Large Components and Trees of Random Mappings

TL;DR

This paper analyzes the structure of random mappings by studying the sizes of components and trees within their functional digraphs, providing asymptotic probabilities for a vertex belonging to specific largest trees.

Contribution

It computes the limiting conditional probability that a vertex in the largest component belongs to its s-th largest tree, addressing a problem posed by Mutafchiev and Finch (2024).

Findings

Derived the asymptotic probability for a vertex to be in the s-th largest tree.

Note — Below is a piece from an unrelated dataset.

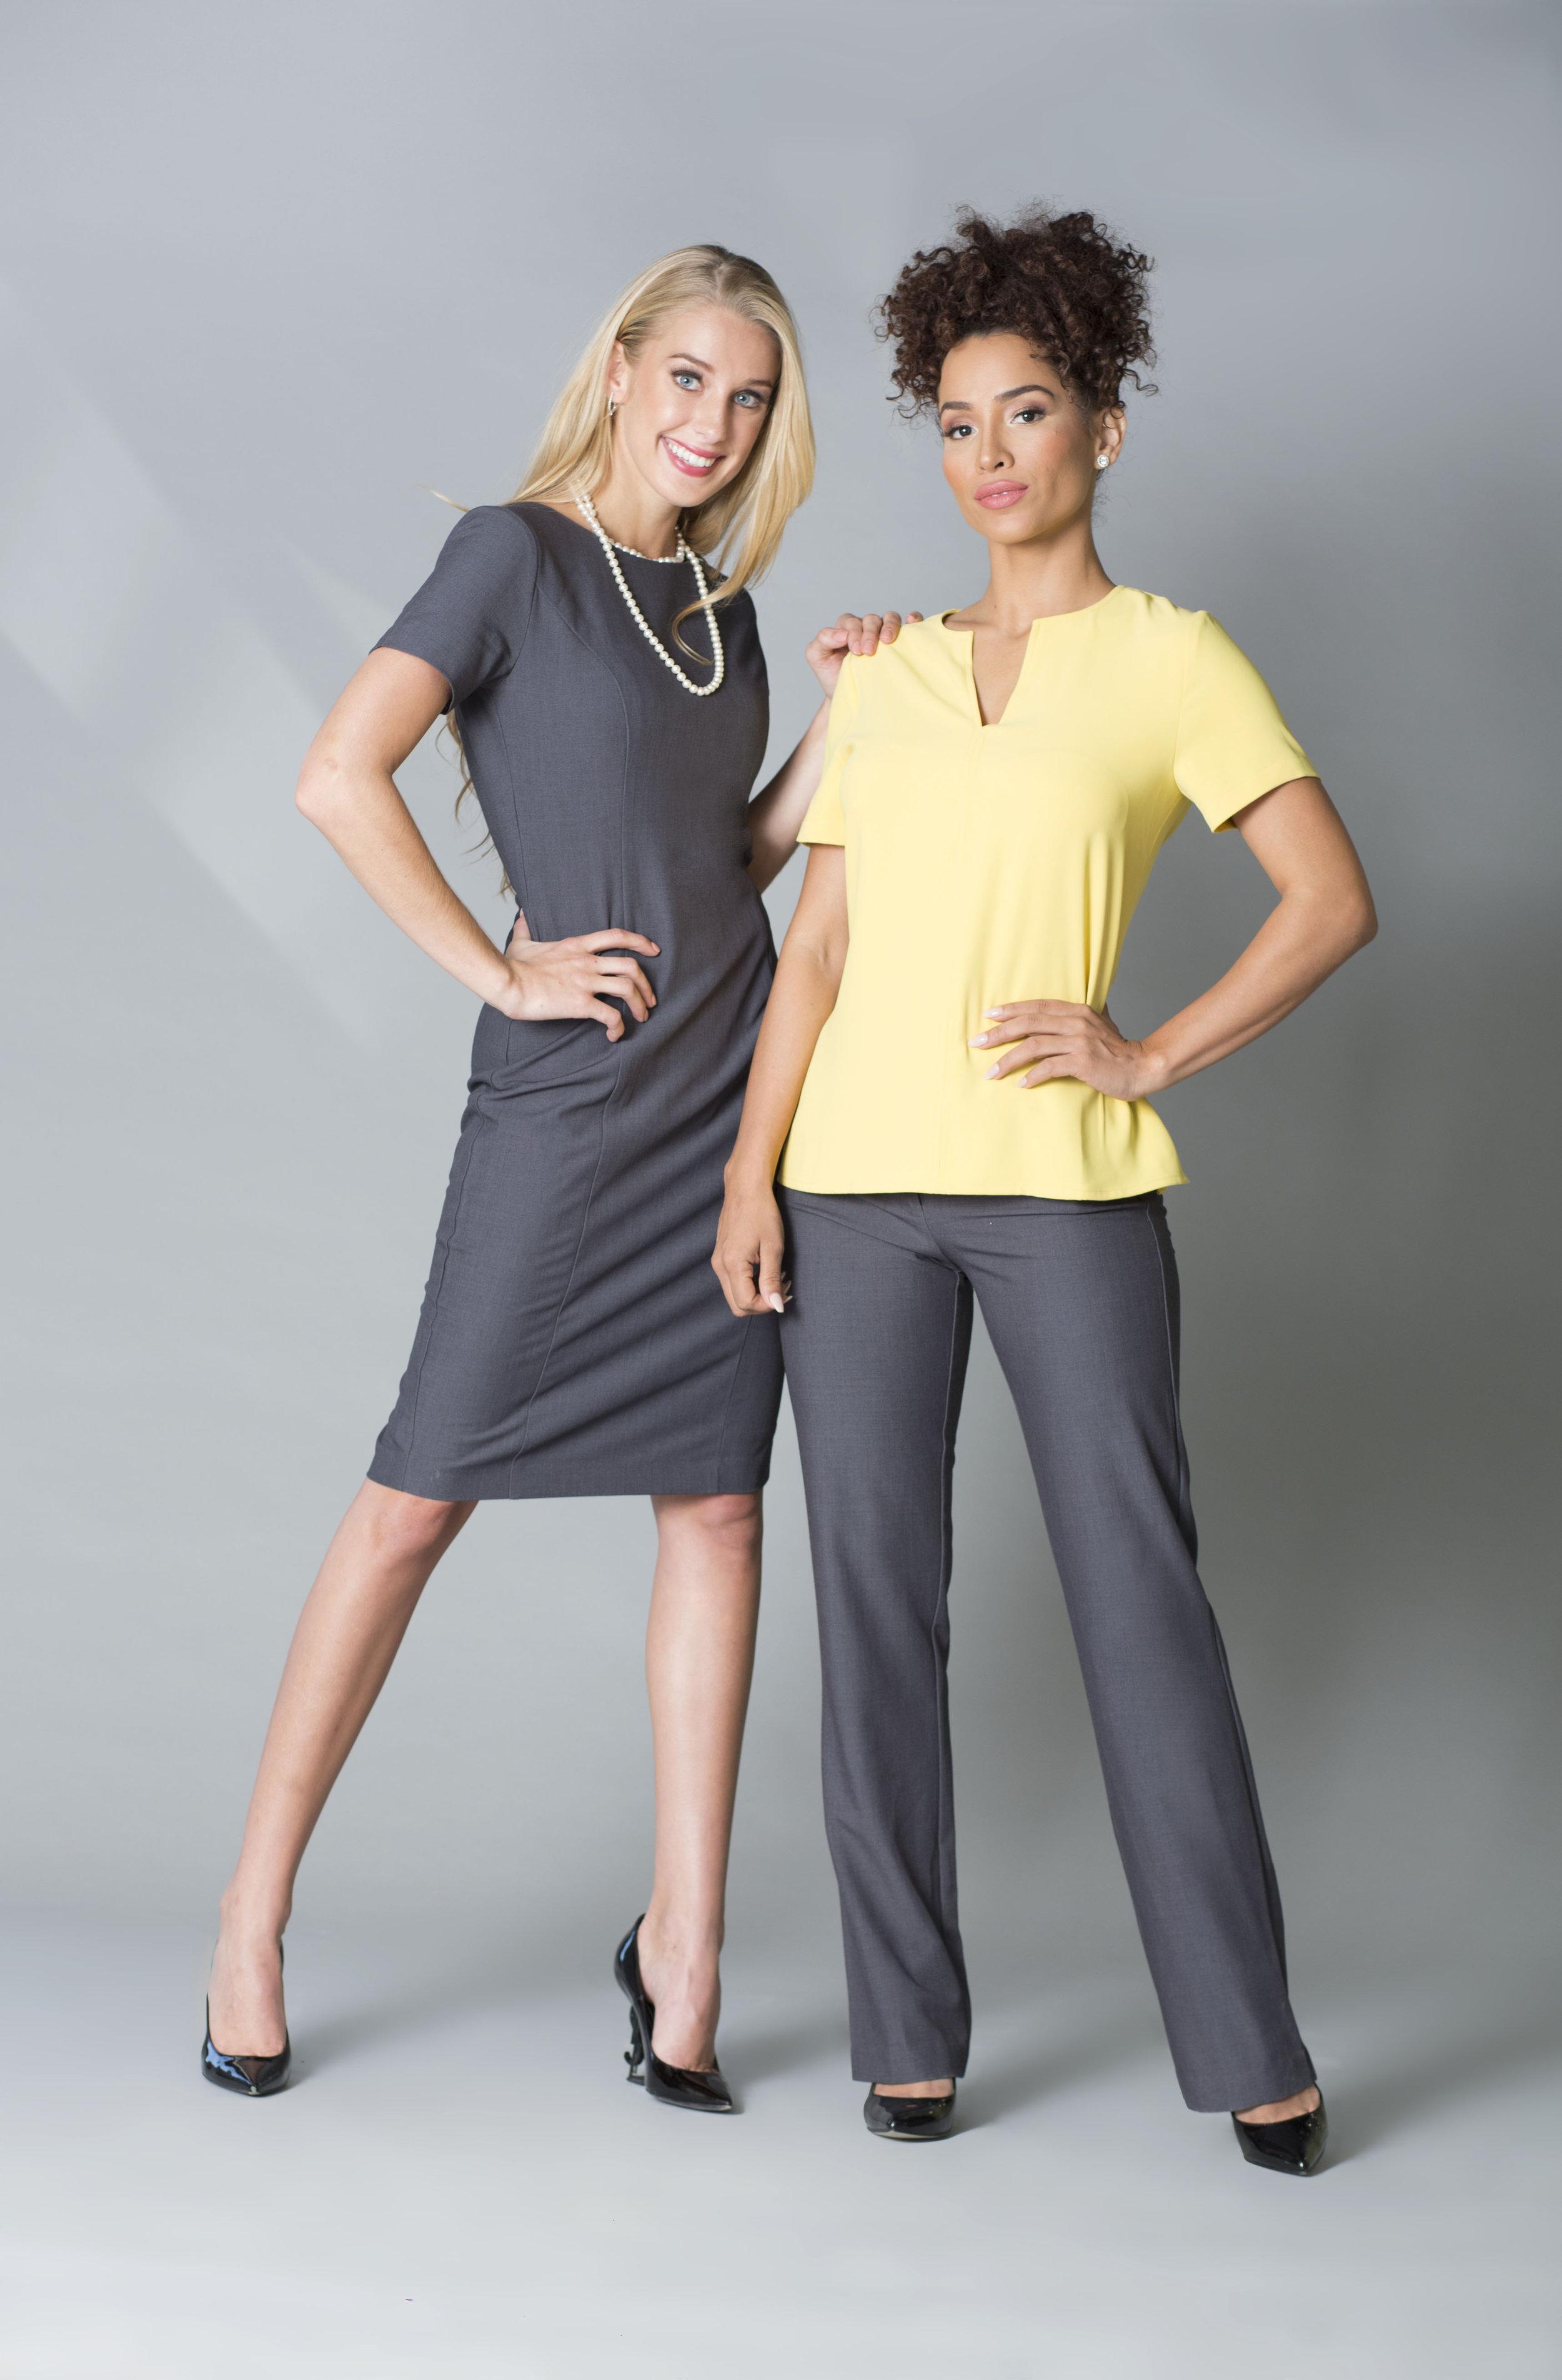 MDSN y MRC Vestido gris - mili yellow pant gris copy.jpg

Provided insights into the structure of large components in random mappings.

Addressed a recent open problem in the study of random functional graphs.

Abstract

Let $\mathcal{T}_n$ be the set of all mappings $T:[n]\to[n]$, where $[n]=\{1,2,\ldots,n\}$. The corresponding graph $G_T$ of $T$, called a functional digraph, is a union of disjoint connected components. Each component is a directed cycle of rooted labeled trees. We assume that each $T\in\mathcal{T}_n$ is chosen uniformly at random from the set $\mathcal{T}_n$. The components and trees of $G_T$ are distinguished by their size. In this paper, we compute the limiting conditional probability ($n\to\infty$) that a vertex from the largest component of the random graph $G_T$, chosen uniformly at random from $[n]$, belongs to its $s$-th largest tree, where $s\ge 1$ is a fixed integer. This limit can be also viewed as an approximation of the probability that the $s$-th largest tree of $G_T$ is a subgraph of its largest component, which is a solution of a problem suggested by Mutafchiev and Finch (2024).